Zhang Xiaomeng, suportando a dor no joelho, levantou-se do abraço do jovem rapaz, lançando de relance um olhar na direção por onde o carro sumira, tomada por uma decepção e raiva profundas. O deputado a enviara de volta à Universidade Flor de Pera justamente para entrar em contato com aquela pessoa; para conseguir a informação de que ele entraria pela porta dos fundos naquela madrugada, quantos esforços o pessoal do S2 não empregara?

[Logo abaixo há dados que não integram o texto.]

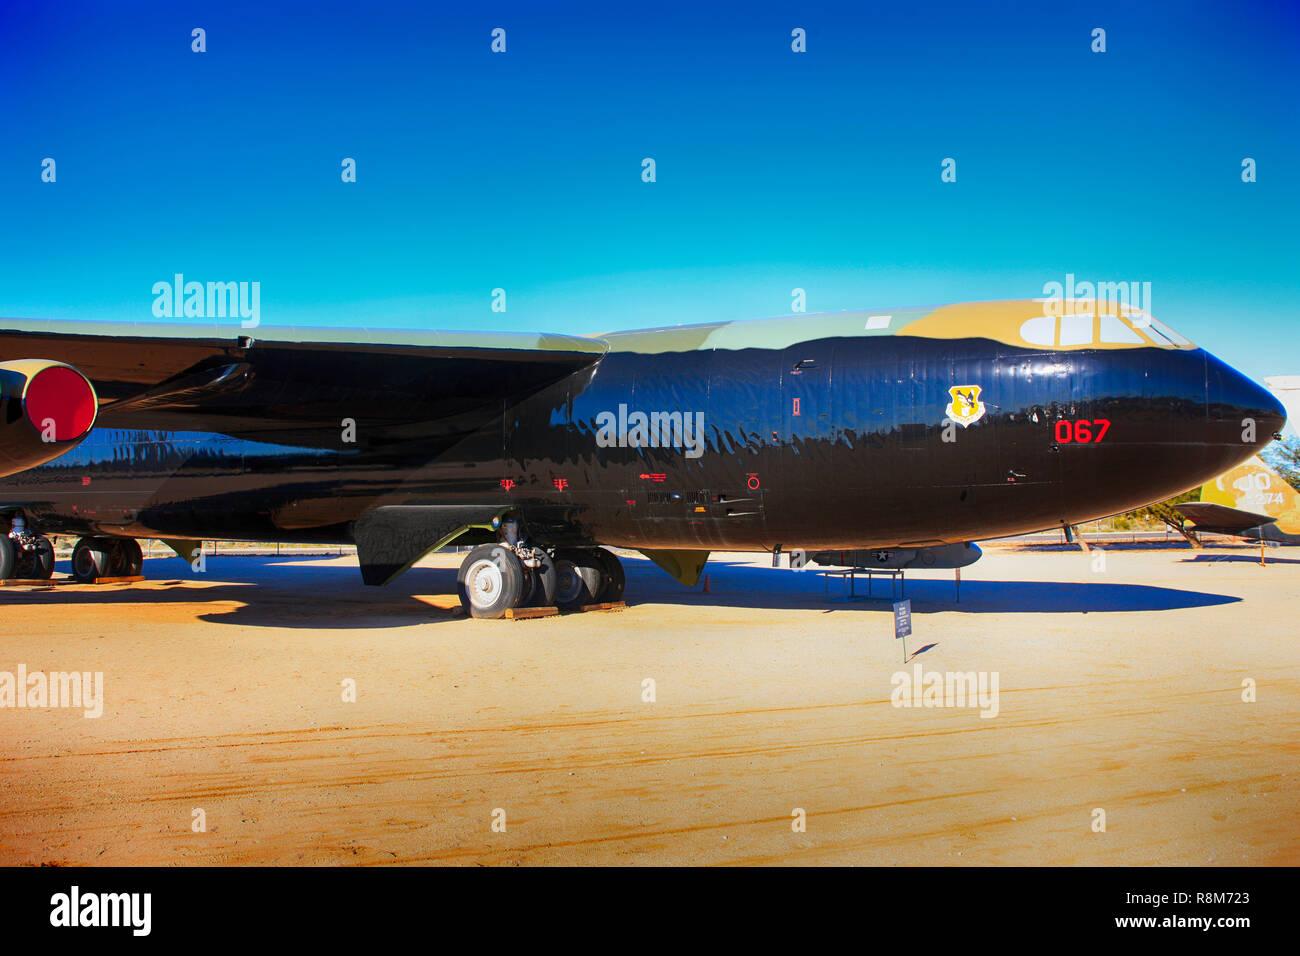 Boeing B52D Stratofortress avion bombardier stratégique à l'affiche au Pima Air & Space Museum à Tucson, AZ Banque D'Images

Ela sabia que provocar um encontro acidental com o carro era arriscado, mas não tivera escolha. Tudo seguia conforme o plano, até que um imprevisto mudou o curso!
Ao olhar para trás e ver quem causara o imprevisto, surpreendeu-se ao reconhecer um rosto familiar, sobretudo a expressão sincera e o olhar honesto daquele rapaz — lembrou-se imediatamente: era quem lhe dera biscoitos para cachorrinhos. Zhang Xiaomeng ficou atônita, encarando os olhos de Xu Le, sentindo-os como duas adagas cravadas nos seus, e por um momento esqueceu de sua missão mais importante.
Xu Le também ficou paralisado ao perceber que segurava a garota dos óculos pretos, a mesma que encontrara no ônibus e vira no início das aulas — aquela jovem pura. A sensação do toque era suave, e só então se deu conta de que ainda a segurava pela cintura, o perfume da primavera invadindo-lhe os sentidos, tornando-o tão rígido quanto uma pedra das terras de Donglin.
Enquanto os dois jovens permaneciam imóveis, o carro negro já atravessara a névoa. No banco de trás, um rapaz de dezessete ou dezoito anos abriu os olhos cansados e olhou para trás, instintivamente.
Ao lado, um homem com ares de mordomo disse com respeito extremo: “Fique tranquilo, senhor. Embora a família não possa destacar homens, a Agência Especial enviou doze agentes. Sua segurança durante os estudos estará garantida.”
“Tio Jin, por favor, chame-me pelo nome: Tai Zhiyuan.” O jovem respondeu com sinceridade, e então esboçou um sorriso amargo. “Senti como se alguém me encarasse há pouco, com tanta raiva, como duas pequenas adagas cravadas em mim. Acho que nossa família realmente não é muito querida na Federação.”